O fato de Ganga Bruta aparecer entre
os dez filmes brasileiros mais lembrados nesta enquete realizada por
Contracampo não é nenhuma surpresa. Em todas as pesquisas
realizadas anteriormente ao longo de várias décadas, esta
obra-prima de Humberto Mauro marcou presença, em que pese as
variadas gamas de atuação e abrangência das pesquisas,
assim como as diversas procedências dos votos individuais. É
um consenso entre a comunidade cinematográfica e tem passagem
garantida entre todos os meios culturais nacionais na categoria de clássico
absoluto.
Na verdade, Ganga Bruta sempre foi,
desde sua concepção, um filme-marco da cinematografia
brasileira. Fruto da união de Mauro e de Adhemar Gonzaga, sua
realização sela o encontro de aspirações
e ambições tão opostas quanto complementares na
configuração de um paradoxo fundamental para a tentativa
de compreender o cinema brasileiro como um todo. Este encontro do gênio
criador com o homem de negócios, ou melhor, de um cinema de vocação
marcadamente artesanal com o empreendimento sempre frustrado de uma
indústria, encontro realizado invariavelmente sob o signo de
um discurso nacionalista, tem sido desde sempre a figura mais recorrente
dessa história já madura, com mais de um século.
Em 1930 explorava-se este encontro como algo inédito e depositavam-se
esperanças de um futuro promissor sob sua bandeira; o tempo encarregou-se
de frustrá-las, mas não impediu que este momento se fixasse
na história como um ponto de inflexão privilegiado.
É claro que o resultado material
desta união ajudou e muito o tempo nesta tarefa: pois Ganga
Bruta reúne em si qualidades ímpares no campo estético.
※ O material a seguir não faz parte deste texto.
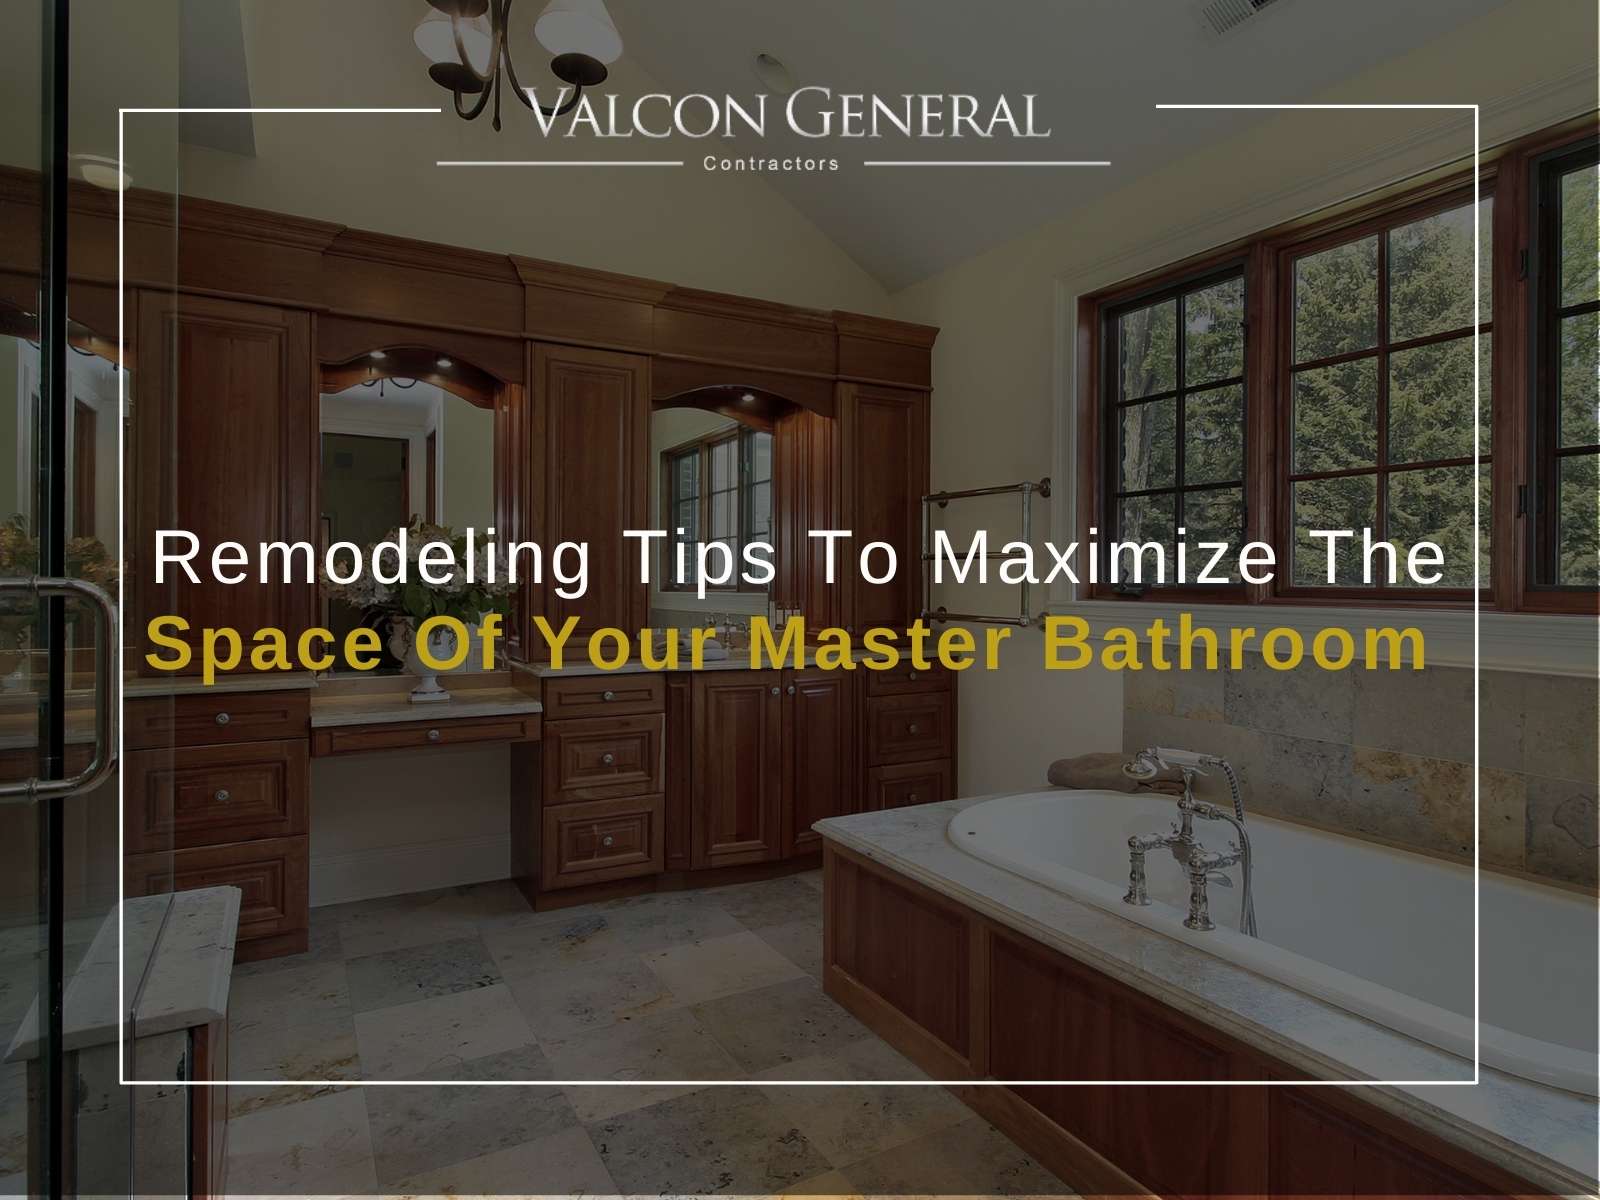 Remodeling Tips To Maximize The Space Of Your Master Bathroom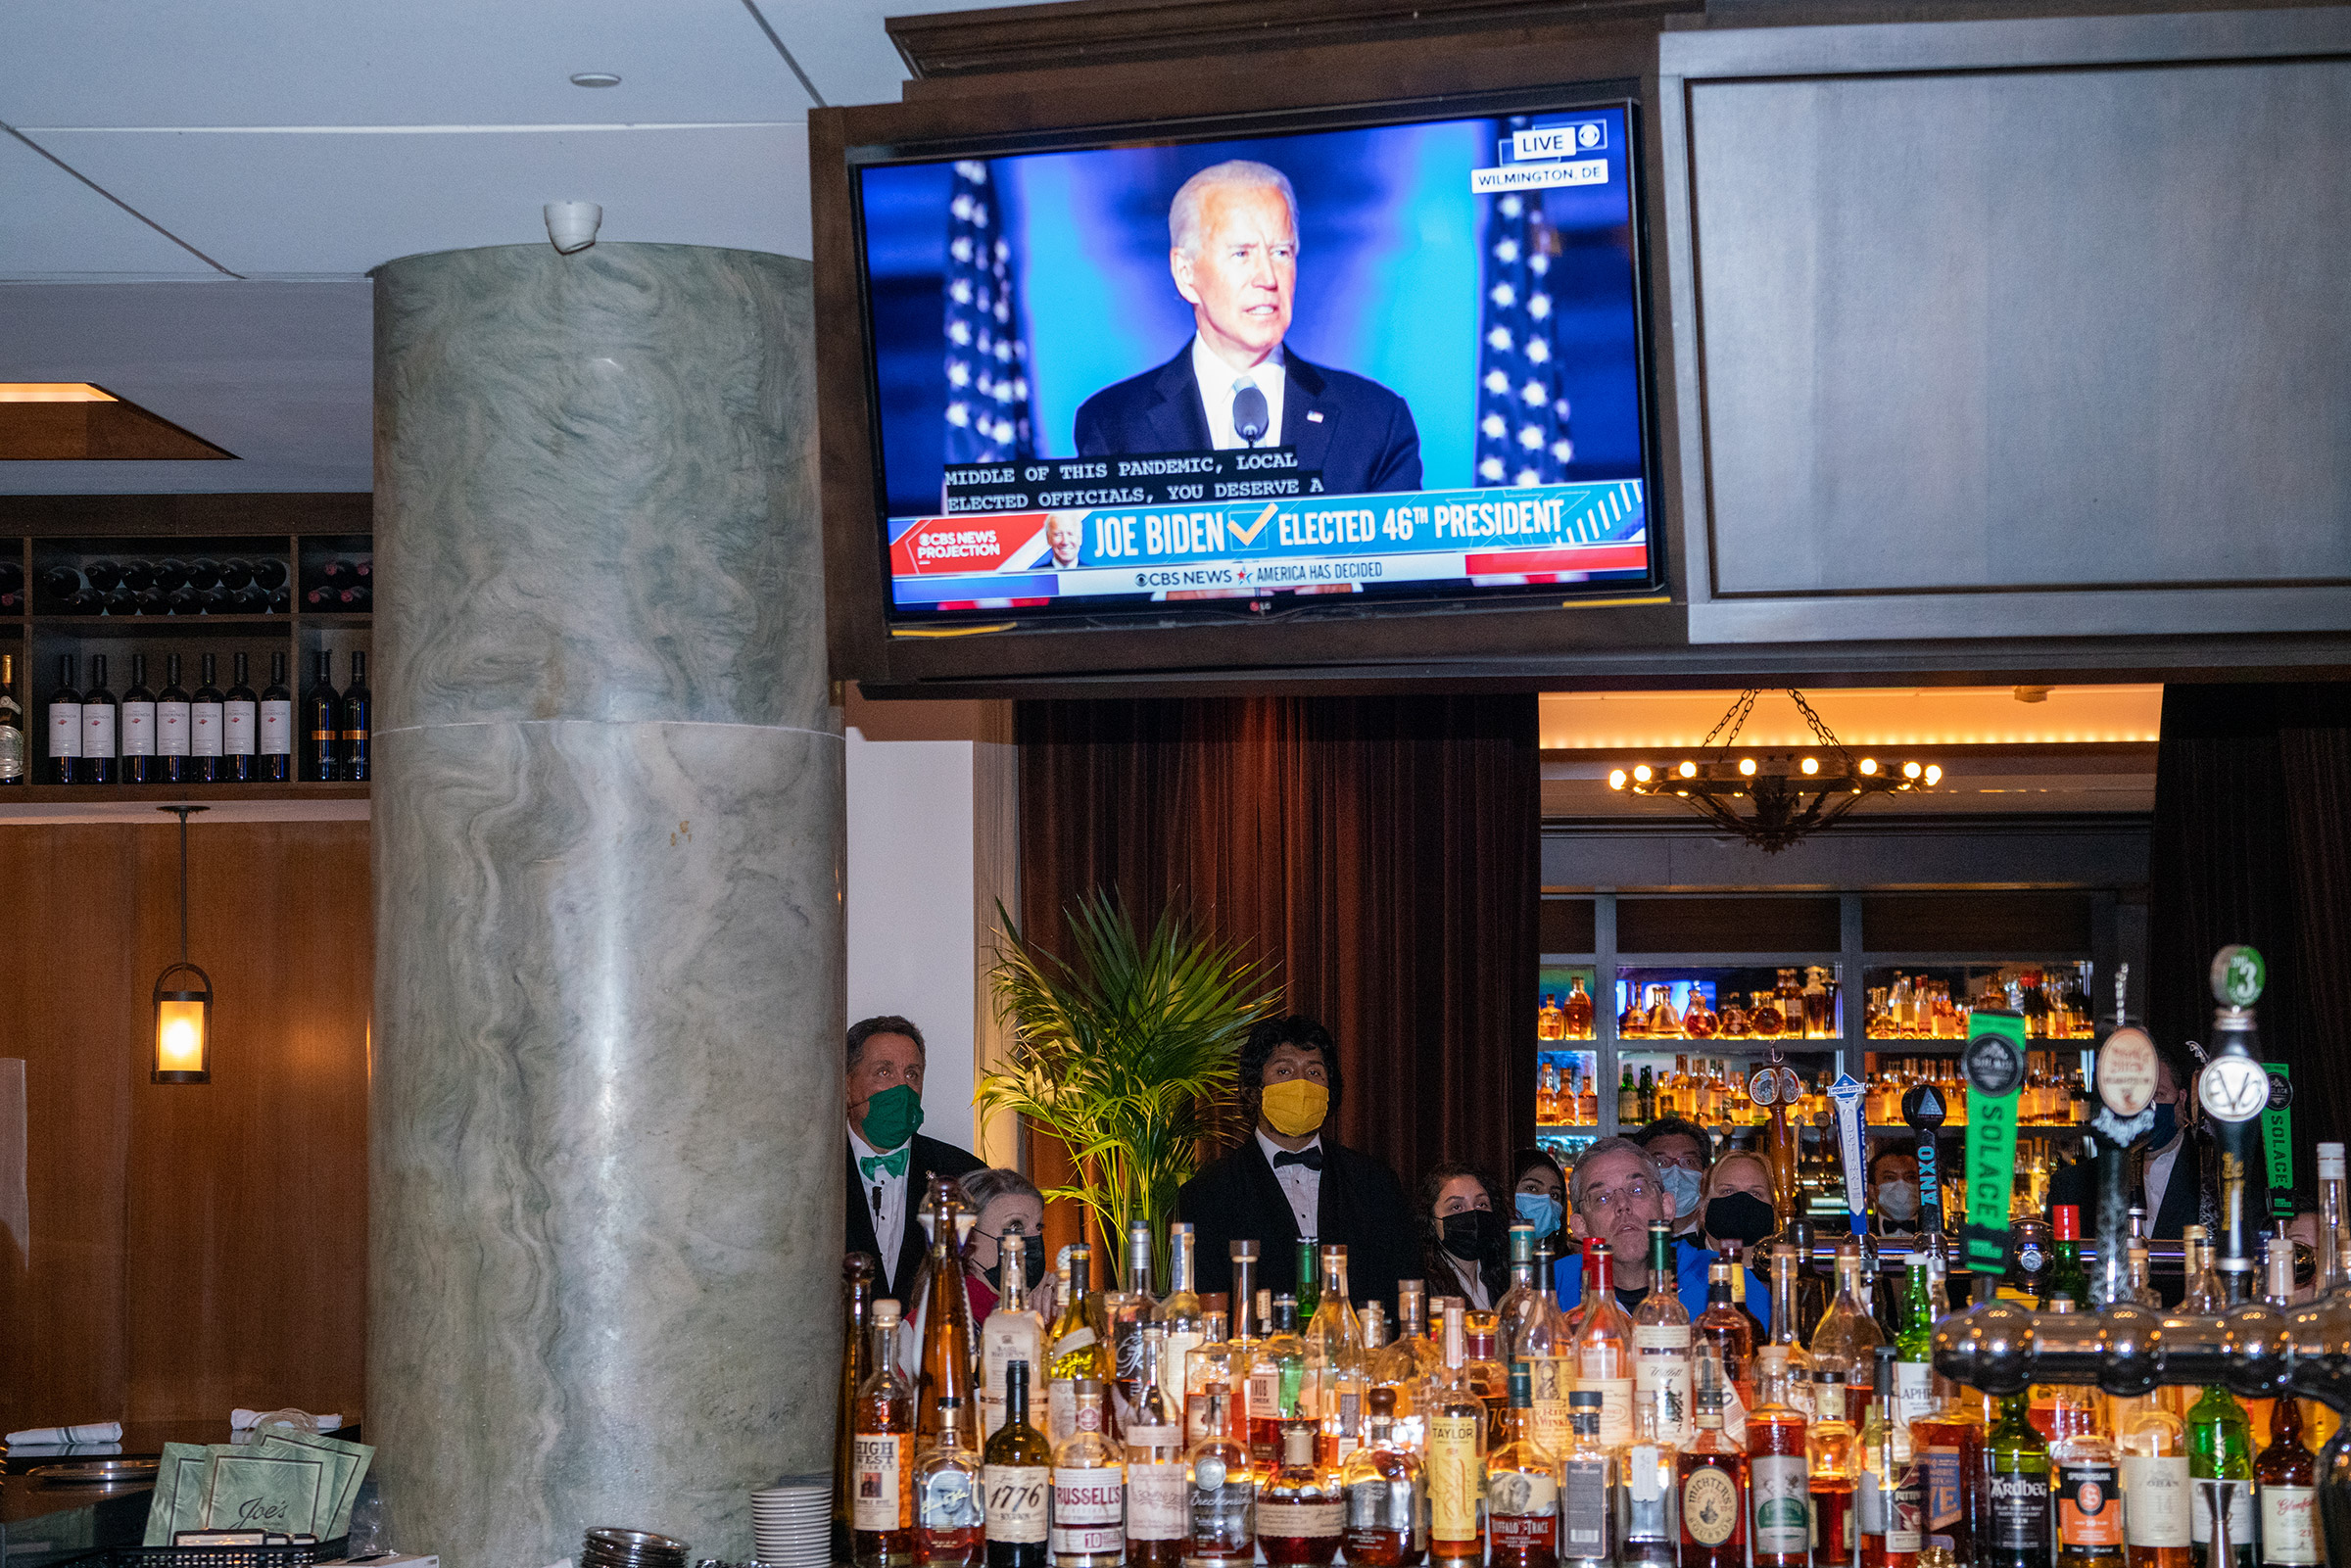 Joe Biden's first speech as President-elect is broadcast at a restaurant in Washington, D.C., on Nov. 7. (Peter van Agtmael—Magnum Photos for TIME)

A colocação em prática de idéias e conceitos
apreendidos e incentivados pela turma da Cinearte por um gênio
de intuição e apuro artístico (além de conhecedor
e curioso da técnica) como Humberto Mauro pode ter agradado mais
ou menos à crítica da época, mas constitui sem
dúvida um objeto único. Quem consegue esquecer uma seqüência
como o flashback do protagonista evocado por uma canção
entoada em seresta? Ou aquelas em que o simbolismo com forte influência
freudiana irrompe inesperadamente em meio à ambientação
predominantemente naturalista, como a união sexual do galã
Durval Belline e Déa Selva? Mais que a aplicação
e realização plena do padrão estético da
Cinearte (padrão composto de conceitos como sub-entendimento,
symbolo ou sophisma, como aponta Paulo Emílio),
é a idéia de uma representação brasileira
em sua essência que está em jogo.
Não é para menos que Mauro
seria redescoberto e valorizado anos mais tarde pelo Cinema Novo. Na
verdade, é bem possível que seja a partir desta redescoberta
que Ganga Bruta passe a ocupar seu posto no cânone do cinema
nacional. Em sua Revisão Crítica do Cinema Brasileiro,
Glauber aponta Ganga como "um dos vinte maiores filmes de todos
os tempos" e coloca Mauro na posição de "pai" do cinema
brasileiro. É o primeiro, se não me engano, a inscrever
o filme na categoria de clássico.
E o que resta, afinal, a um clássico
senão encontrar sua posição no cânone, como
um velho encontra seu repouso definitivo numa bela urna? O status de
documento histórico não faz jus a este filme, nem seu
engessamento numa lista, qualquer que seja. Sua apreciação
e constante reavaliação crítica que, graças
a um esforço de décadas dedicadas à restauração,
poderão ser realizadas por gerações, são
os fatores mais importantes para a transcendência da obra. É
um legado digno, que nós da Contracampo tomamos como tarefa fundamental
à qual procuramos dedicar um esforço máximo. Mais
que um peso morto na memória de alguns, Ganga Bruta deve
viver em sua plenitude no centro vital de nosso cinema.